Il ROI infatti, è un indicatore aziendale molto versatile, valido indipendentemente dalla tipologia di impresa o di business analizzati.

Il ritorno dell’investimento è particolarmente utile per quei business che fanno utilizzo di campagne promozionali online, quale strumento indispensabile per valutare l’efficienza di una campagna pubblicitaria.

Il ROI infatti permette di confrontare le redditività generate dalle diverse campagne e di identificare le più produttive.

Grazie ai numerosi strumenti disponibili, è possibile analizzare le campagne promozionale online e identificare le più convenienti tra le tipologie di offerta, consentendo anche di identificare le keyword più efficaci.

Ecco perché, nell’ambito del web marketing, l’indice ROI rappresenta uno dei principali indicatori di performance.

Come calcolare il ROI, formula del ROI

Per il calcolo si applica la formula del ROI, il calcolo del ritorno sull’investimento si effettua dividendo il ritorno generato da un investimento diviso il capitale investito.

Il risultato può essere espresso come rapporto o, nella maggior parte dei casi, in valore percentuale.

ROI formula

La formula del ROI è dunque:

ROI = (Guadagno dall’investimento – Costo dell’investimento) / Costo dell’investimento * 100

La voce guadagno dall’investimento si riferisce agli incassi generati dalle vendite delle partecipazioni di interesse.

Il significato del numeratore, invece, rappresenta a tutti gli effetti il risultato operativo dell’investimento.

Il risultato operativo è uguale alla differenza tra i ricavi generati dalle vendite di beni e servizi e i costi di produzione, o di investimento.

Per fare un esempio concreto, rifacciamoci ad un’ipotetica operazione commerciale effettuata in ambito di web marketing.

Immaginiamo come esempio una campagna promozionale pay per click (PPC).

Volendo monitorare l’andamento di questa campagna PPC per un dato arco temporale, il capitale investito è rappresentato dal costo totale dell’attività, compresi i costi pubblicitari, in quell’arco di tempo, mentre il risultato operativo è uguale ai guadagni effettivi che quei clic saranno stati in grado di generare.

Le applicazioni del ritorno di investimento

Il ritorno sull’investimento è uno strumento utilissimo, in grado di fornire un indicatore molto attendibile per valutare l’efficienza della strategia economica di un’azienda, o di un’attività online.
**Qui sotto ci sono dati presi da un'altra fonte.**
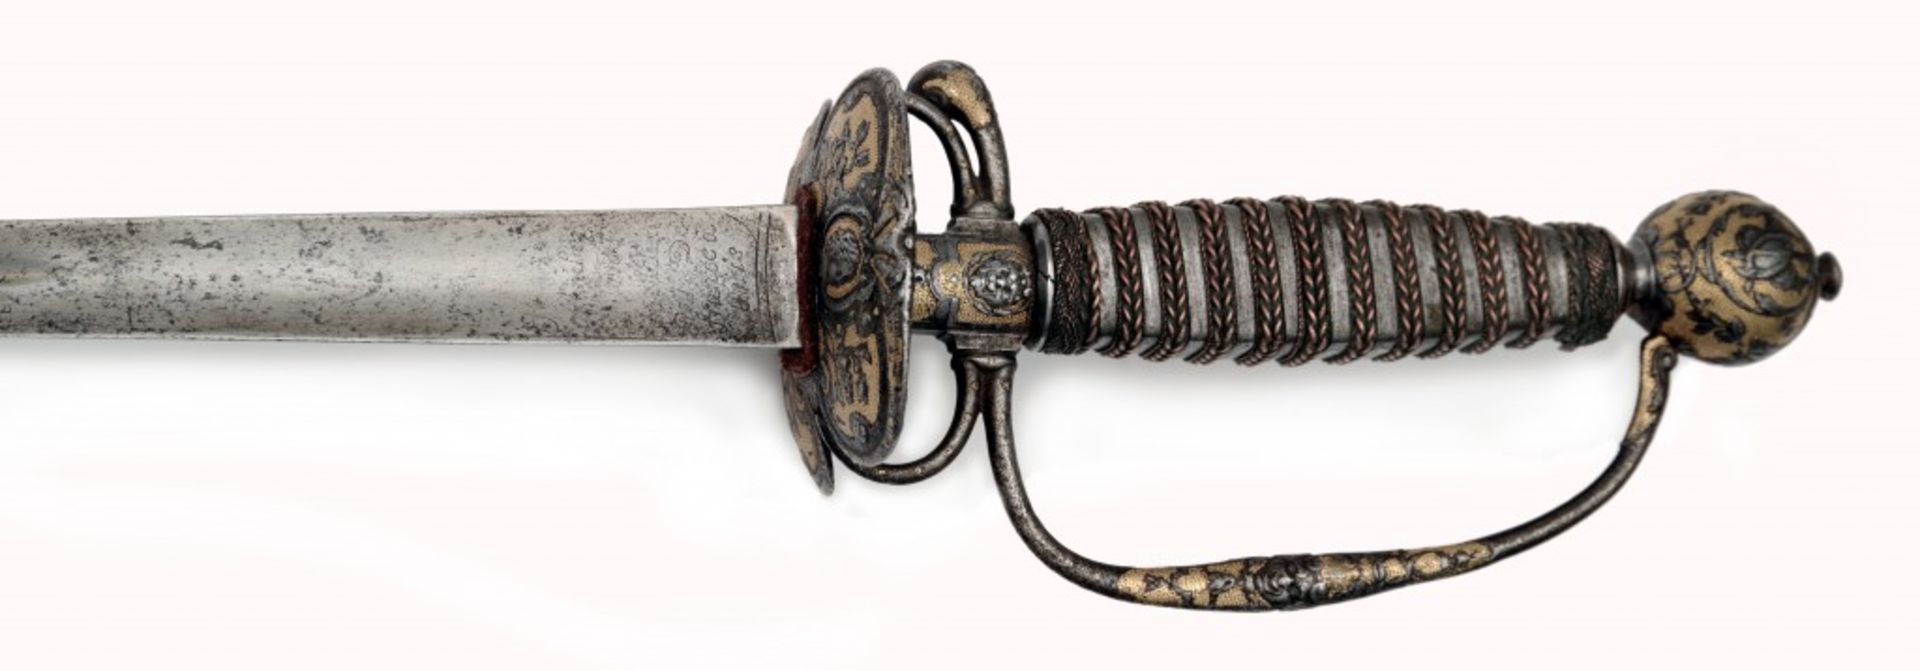 A French Gilt Small-sword with Chiselled Hilt by Jean Louis Guyon the Elder - Image 2 of 11
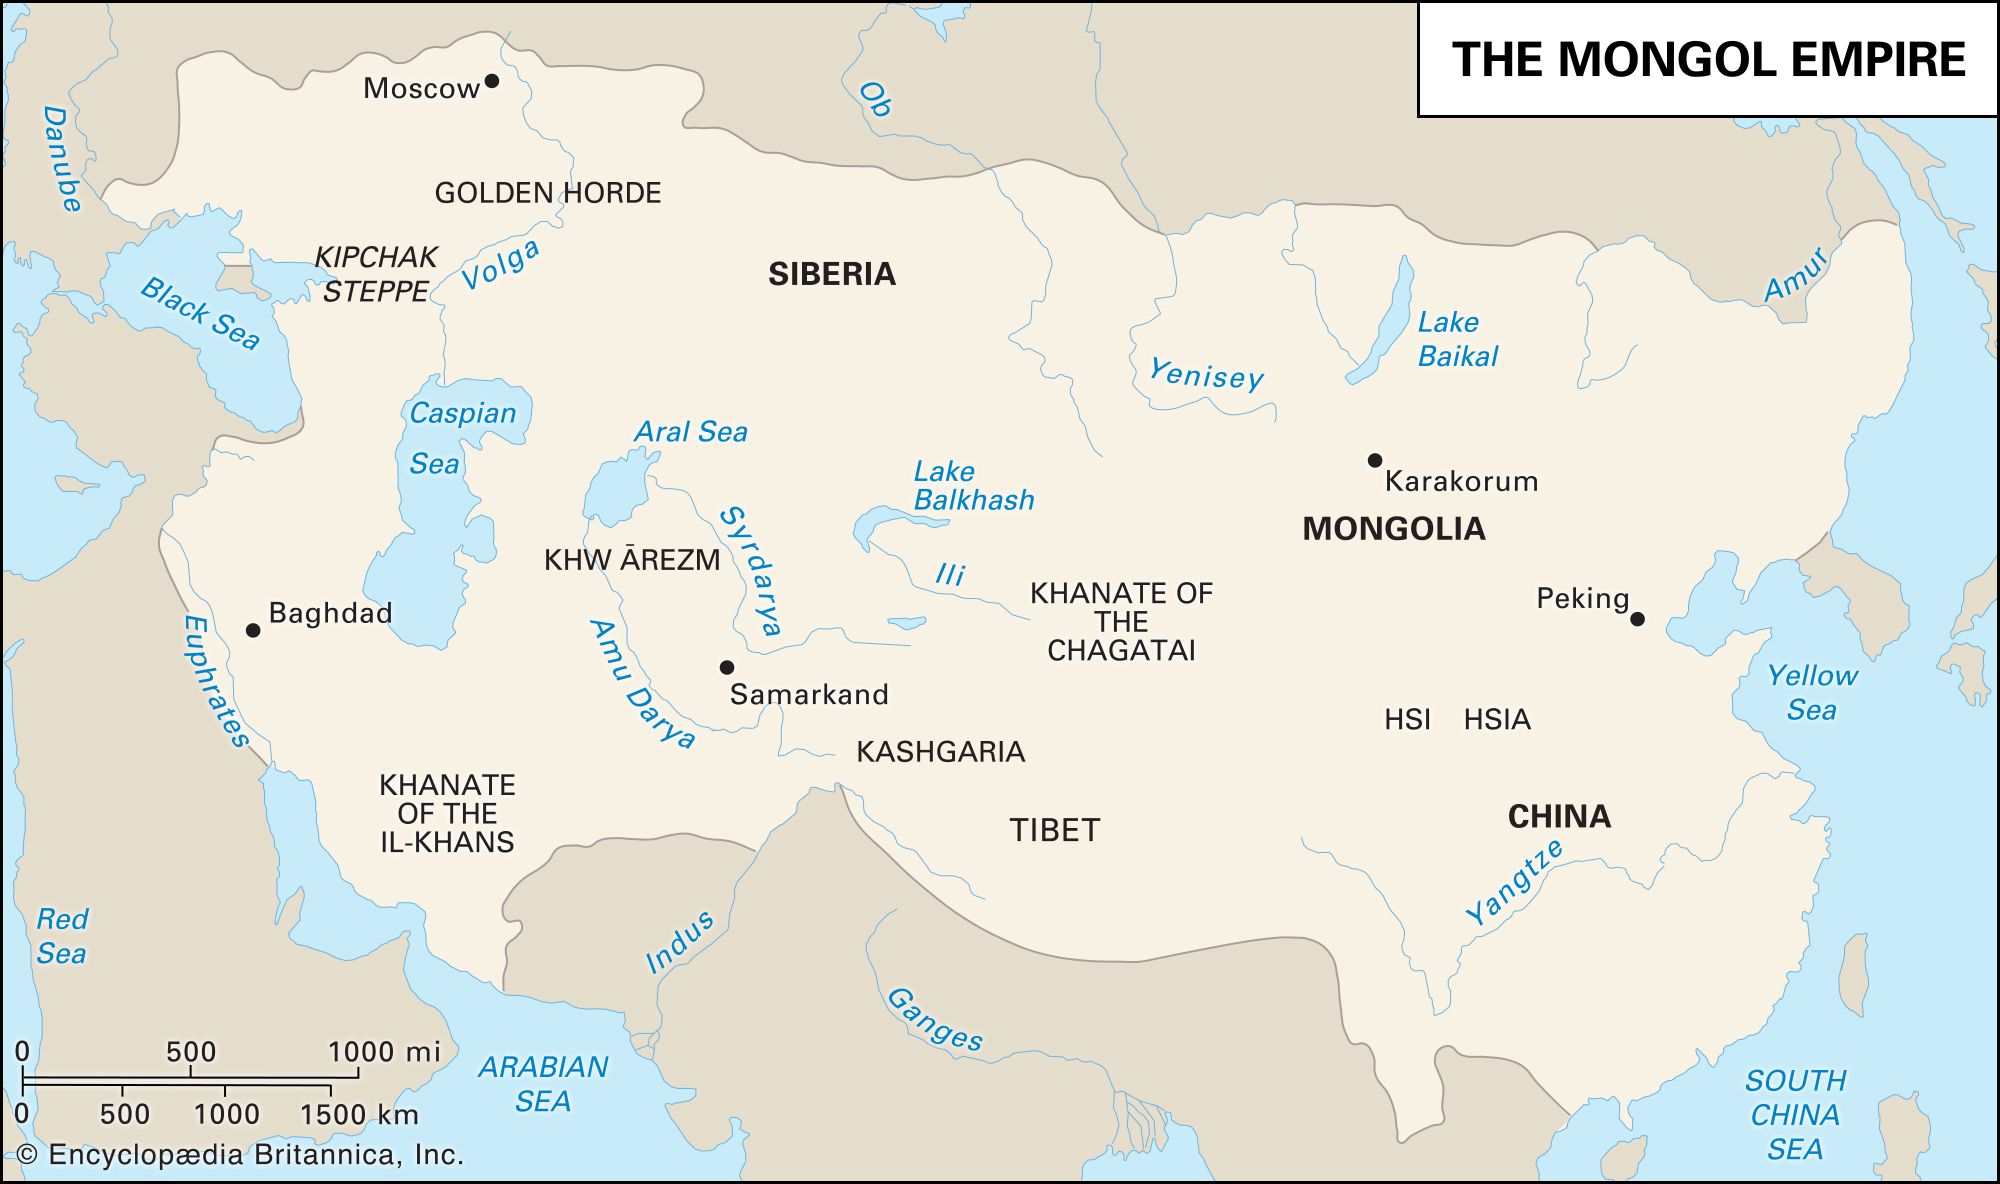 The Mongol Empire: History, Timeline & Facts

È infatti un metodo molto semplice e preciso per valutare i risultati economici di investimenti o di campagne promozionali aziendali.

Una volta valutati i risultati economici delle diverse attività commerciali, l’investitore potrà orientare in futuro i propri sforzi economici su quelle operazioni, investimenti o campagne promozionali in grado di generare i maggiori profitti.

Dunque il ritorno investimento non si limita al ruolo di strumento semplicemente valutativo, ma si configura come mezzo strategico per orientare le scelte di investimento, e indirizzare nella giusta direzione tutte quelle attività che facilmente potrebbero rivelarsi a bassa redditività, aumentando gli introiti del business.

Alcune considerazioni sull’applicazione del ROI

Quando comunque si utilizza l’indice ROI per confrontare i risultati ottenuti con diversi investimenti o campagne, bisogna fare attenzione a non applicare con superficialità questo potente strumento.

Ad esempio, quando si confrontano due campagne promozionali avviate online, non sempre si può confrontare la loro redditività senza tener alcun conto dell’arco temporale in cui le redditività sono state maturate.

Confrontare due campagne, magari molto diverse tra loro, e che siano state operative per un tempo molto diverso, potrebbe portare a commettere errori, conducendo ad analisi superficiali, e in definitiva errate.

Più corretto sarebbe riferirsi al valore medio dell’indice tenendo conto dell’arco temporale di riferimento.  

Per questo motivo, talvolta, potrebbe essere conveniente fare riferimento al concetto di ROI per una data unità di tempo.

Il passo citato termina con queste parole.